I heard the click… click of the handcuffs as she locked them around my wrists and the wooden dining chair I was pushed onto. The smell of her cigarette breath stuck under my nose, carrying her irate words—”useless,” “stupid,” “why did I have children”—down into my throat, choking me along with my sobs. I did not understand then why my mother always seemed to be naked and swearing; grotesque breasts swinging above me as she stood back up from bending over. Now I know that her lack of couth was a result of the very thing that caused me to be punished in this way: the purple, sun-and-moon-patterned box. I had knocked it over, and she was under the influence of whatever substance it was that had spilled all over the carpet.

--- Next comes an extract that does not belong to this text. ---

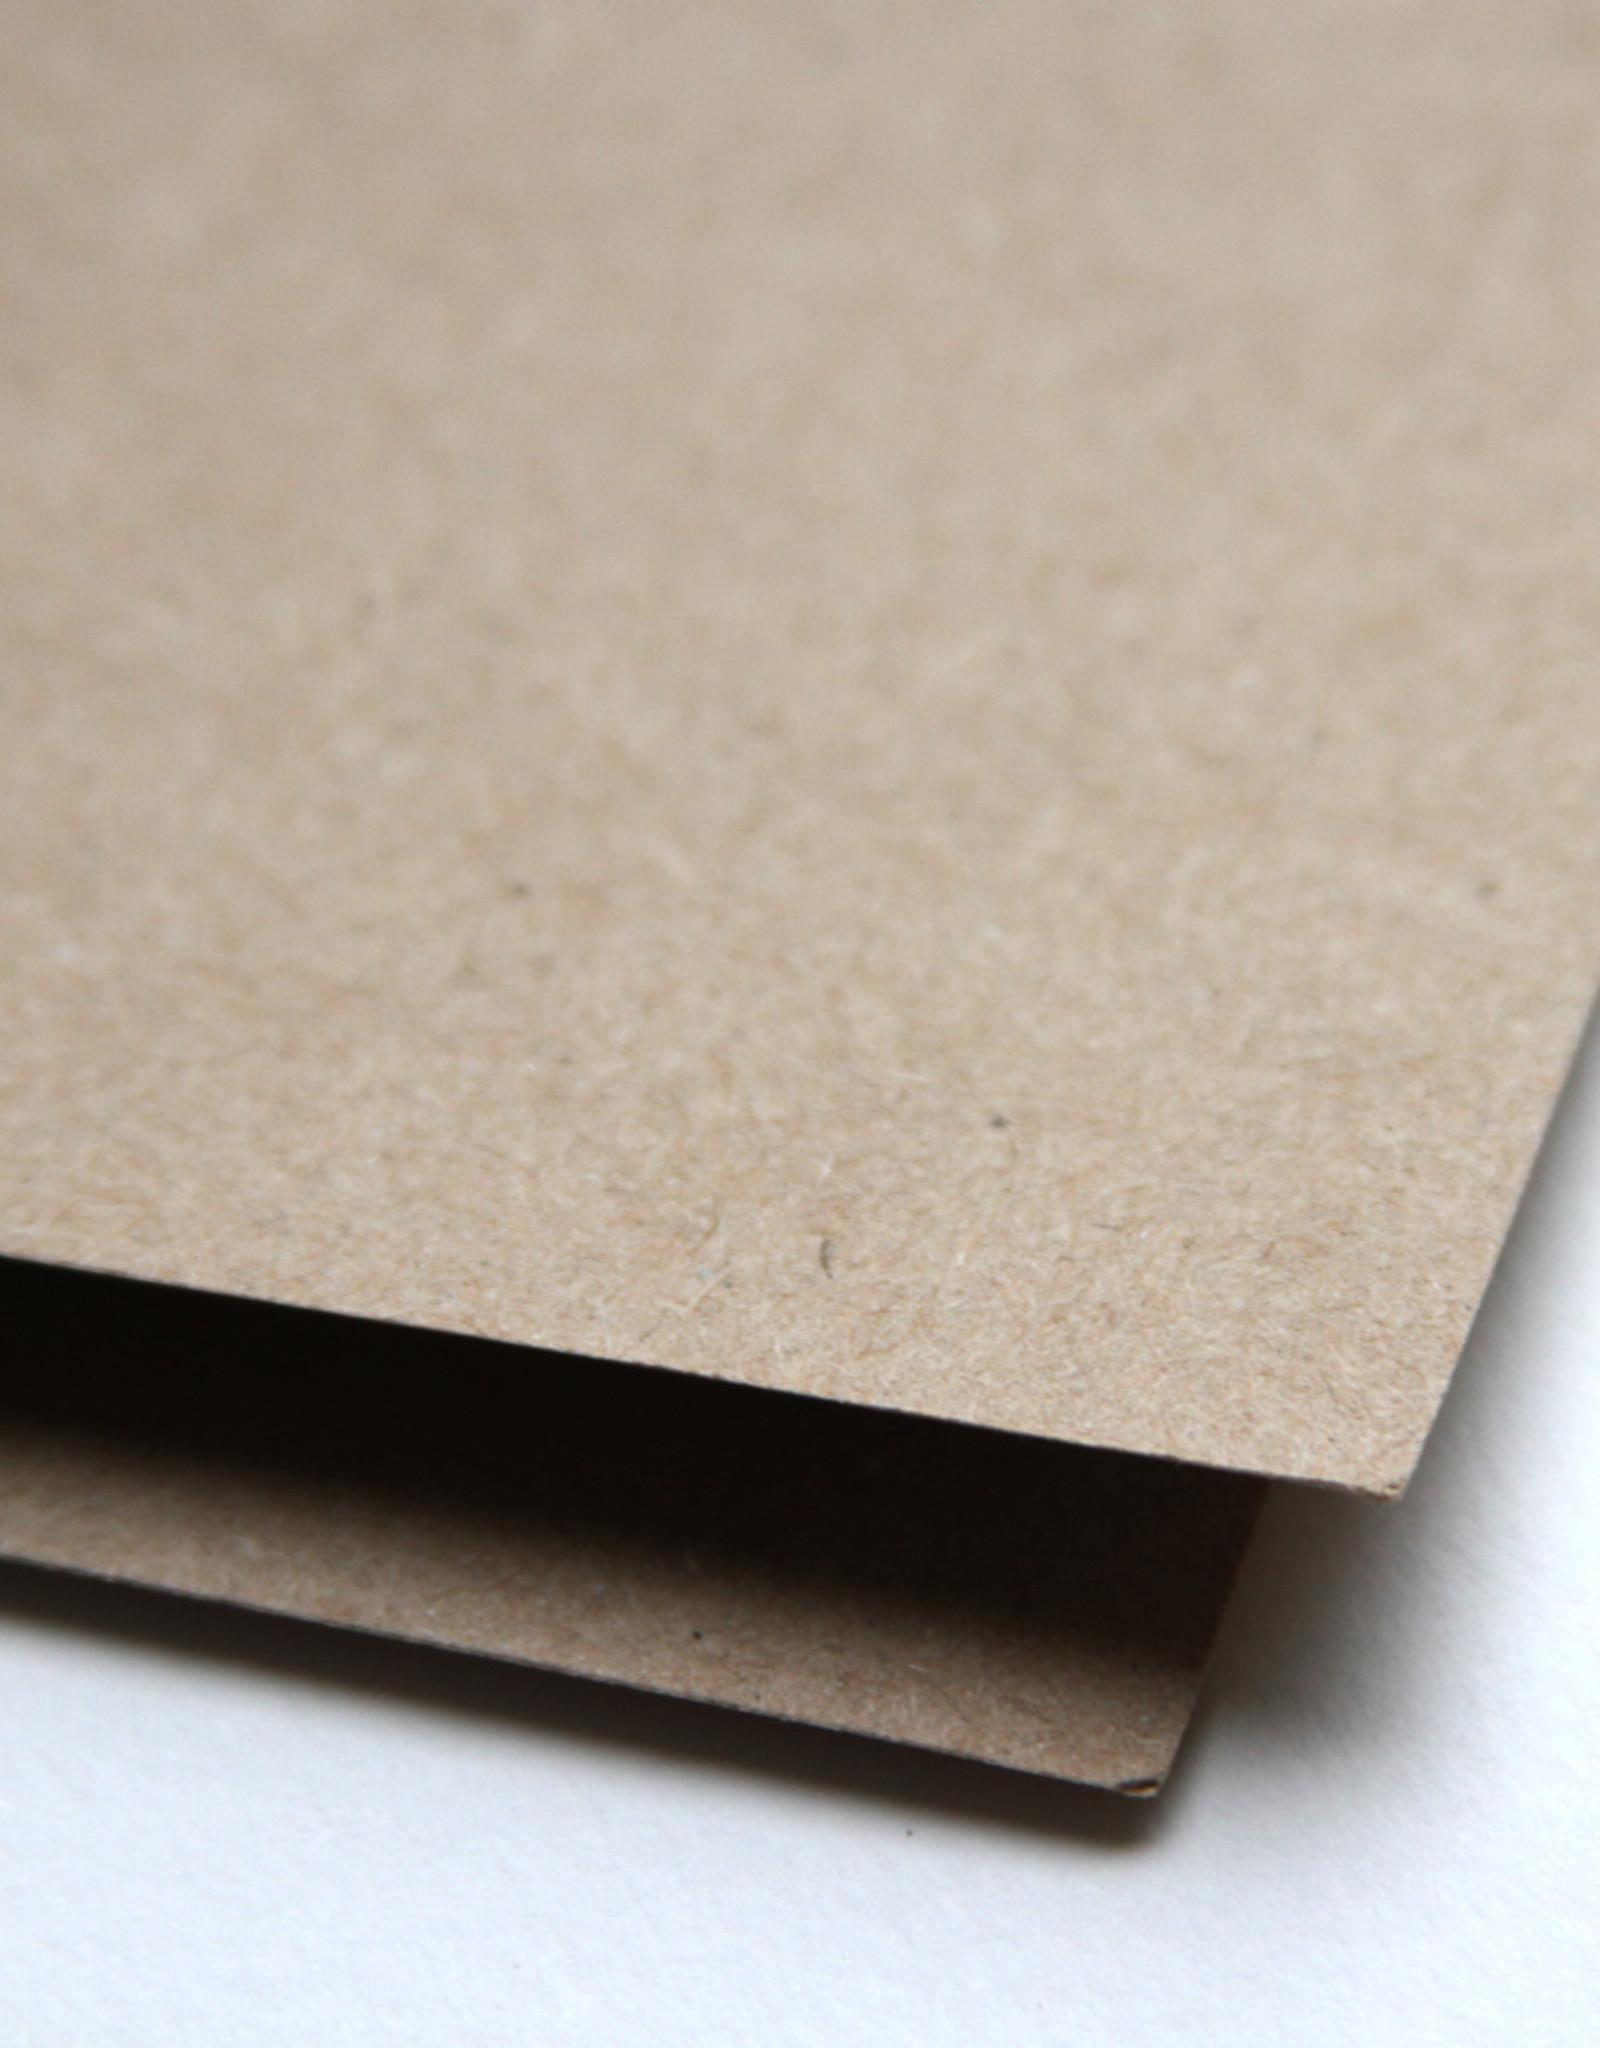 petrova 25 vel Petrovia schetspapier grijs 60x80cm, 150 grs. Dit schetspapier is uitermate geschikt voor pastelkrijt, houtskool of schoolkwaiteit verf.

This is an excerpt of an essay I wrote a few years ago. It details a very specific event during which I had said “no” to my mother and accidentally spilled a box of her drugs onto the floor. As a result, I had been handcuffed to a chair with my mouth taped shut for hours as a “time out”. This event, one which I very rarely share with others, is representative of many things which have formed who I am and the problems I face currently—problems including my panic disorder.

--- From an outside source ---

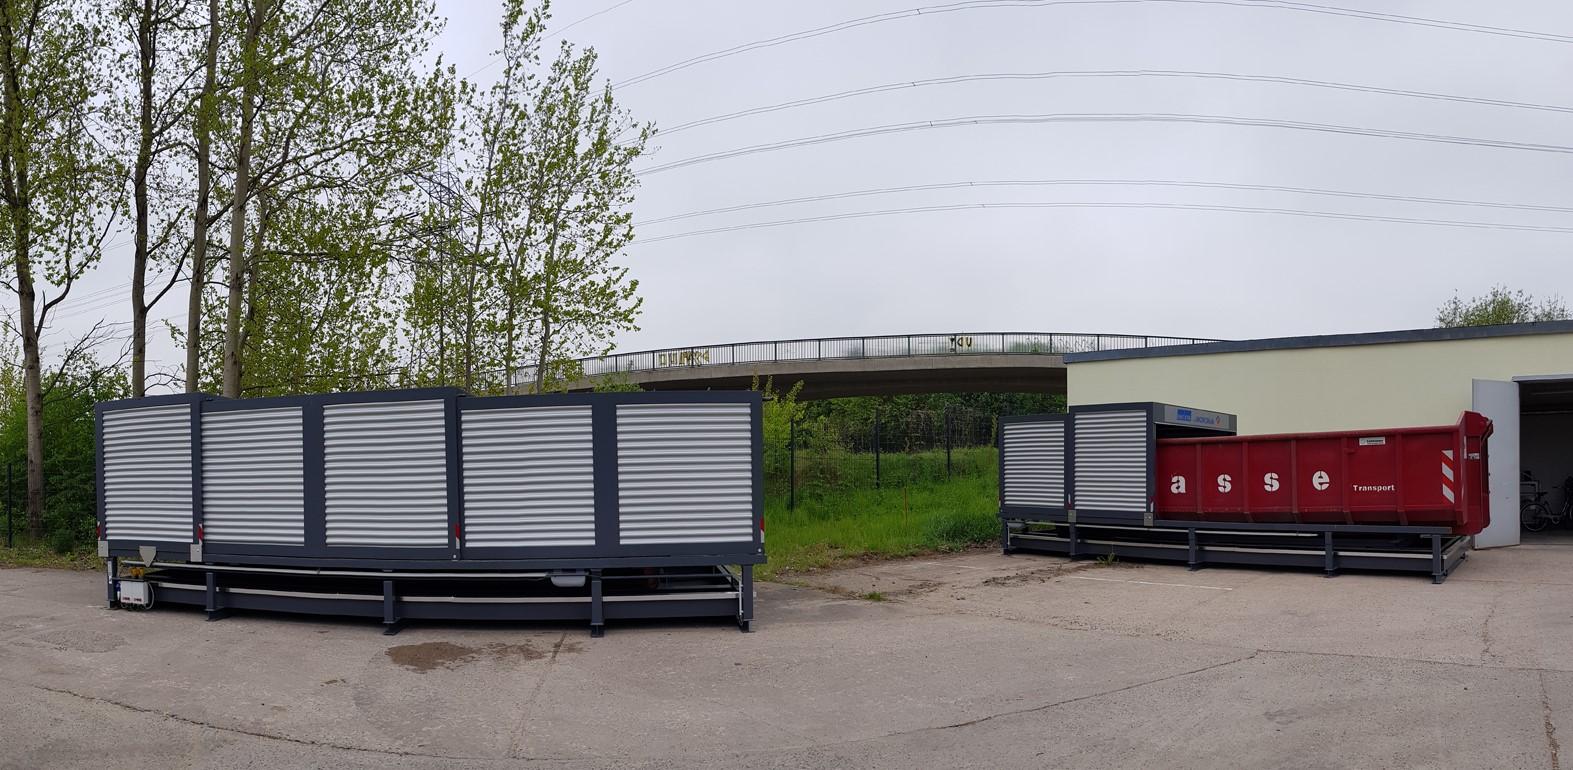 Abrollcontainer WHG konform im Containerstellplatz (39)

For a large part of my childhood, I was not allowed a voice. I wasn’t able to speak of a need or a want, and especially not any sort of opposition to my mother. Because of this, I was a selective mute for approximately eight years. I rarely spoke to anyone except inside the classroom setting, which was not great for my social skills, but let me prove myself as an exceptional student. Suddenly, I moved in with my father and then my grandmother. Middle school came, high school went, and now I am in my first year at Scripps College.

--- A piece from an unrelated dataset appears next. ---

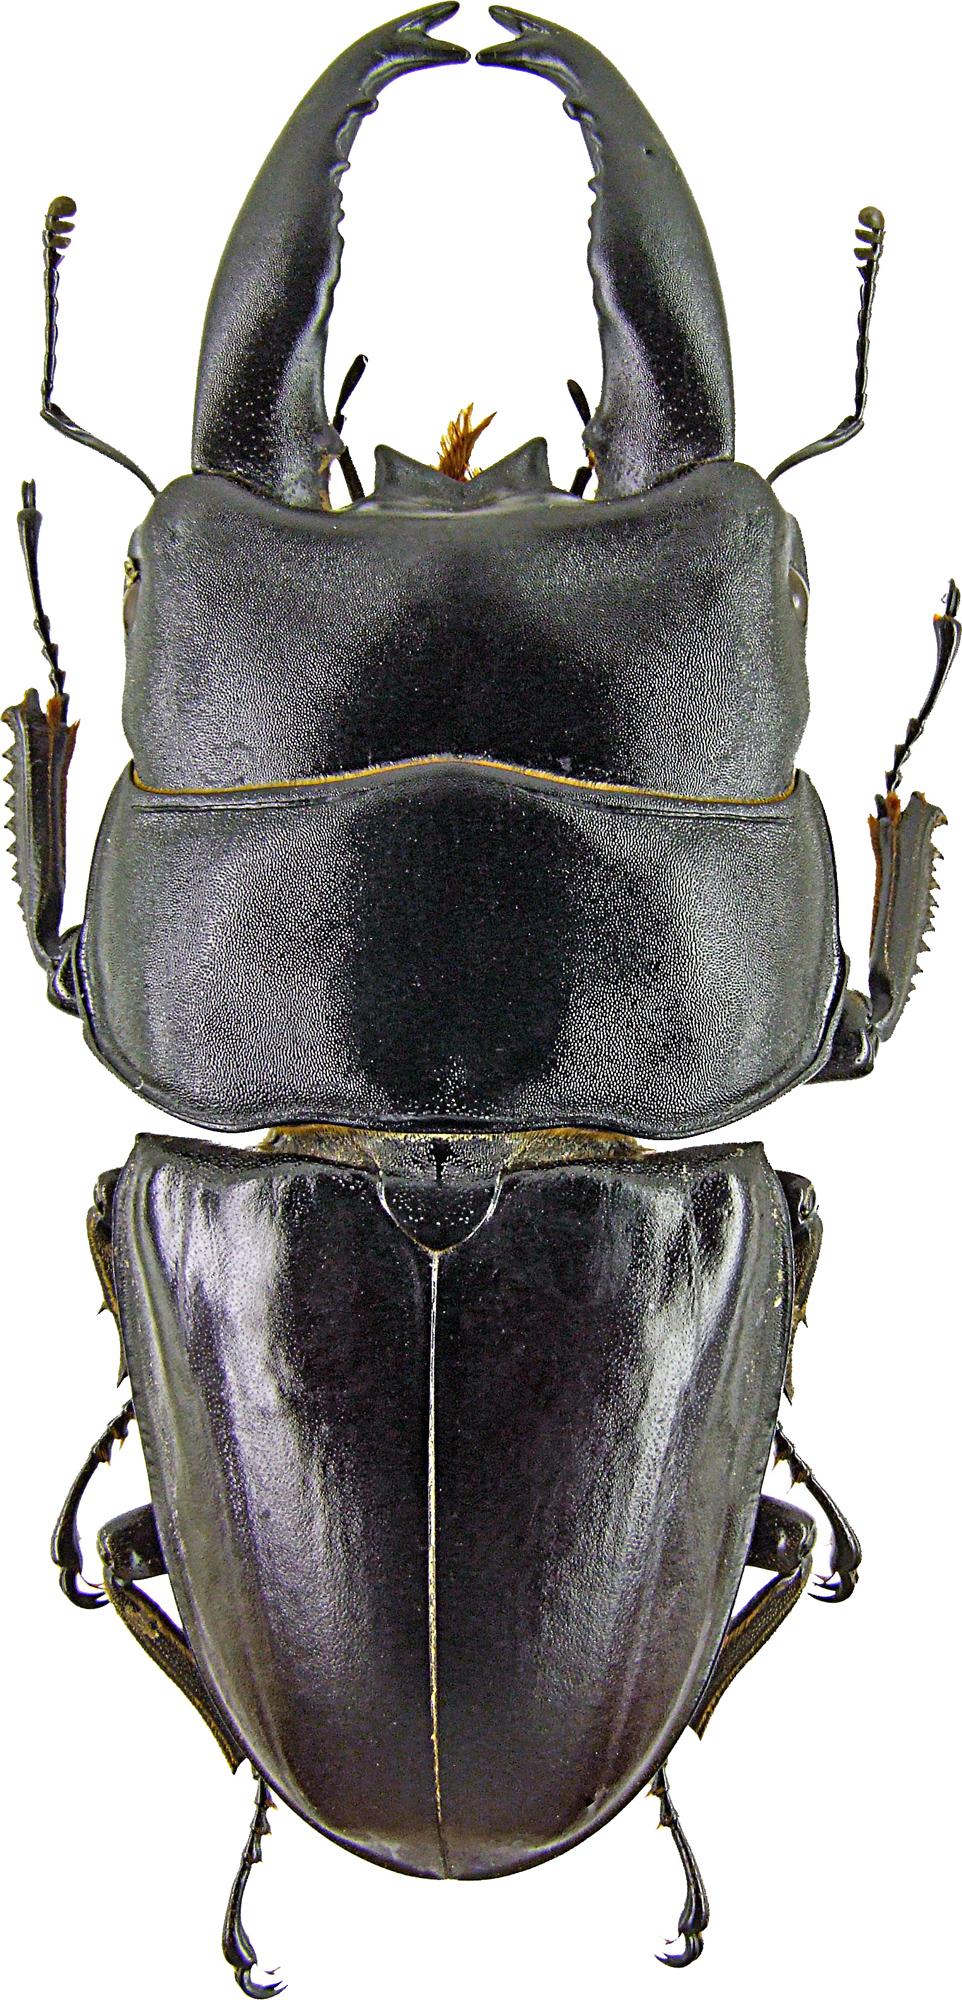 Serrognathus (Brontodorcus) alcides1367.jpg

Scripps has been a blessing, but also a curse. I am so unbelievably thankful to be here, but because of my history of child abuse and my resulting issue with communication, I have crippling writing anxiety, which causes many of my panic attacks. Essays are horrible. I have good ideas and I want to write about my thoughts, but approaching the task is absolutely terrifying. People with panic disorders tend to avoid the things that have given them panic disorders in the past, since they associate those things with pure fear. For me, that’s writing of any and all kinds. My procrastination isn’t just procrastination; it’s avoiding the feeling that my life is literally in danger. For me, it’s survival. And until I can train myself to not view the writing process as a threat to my well-being, I will struggle as a student in traditional academia, and my intelligence will constantly be questioned.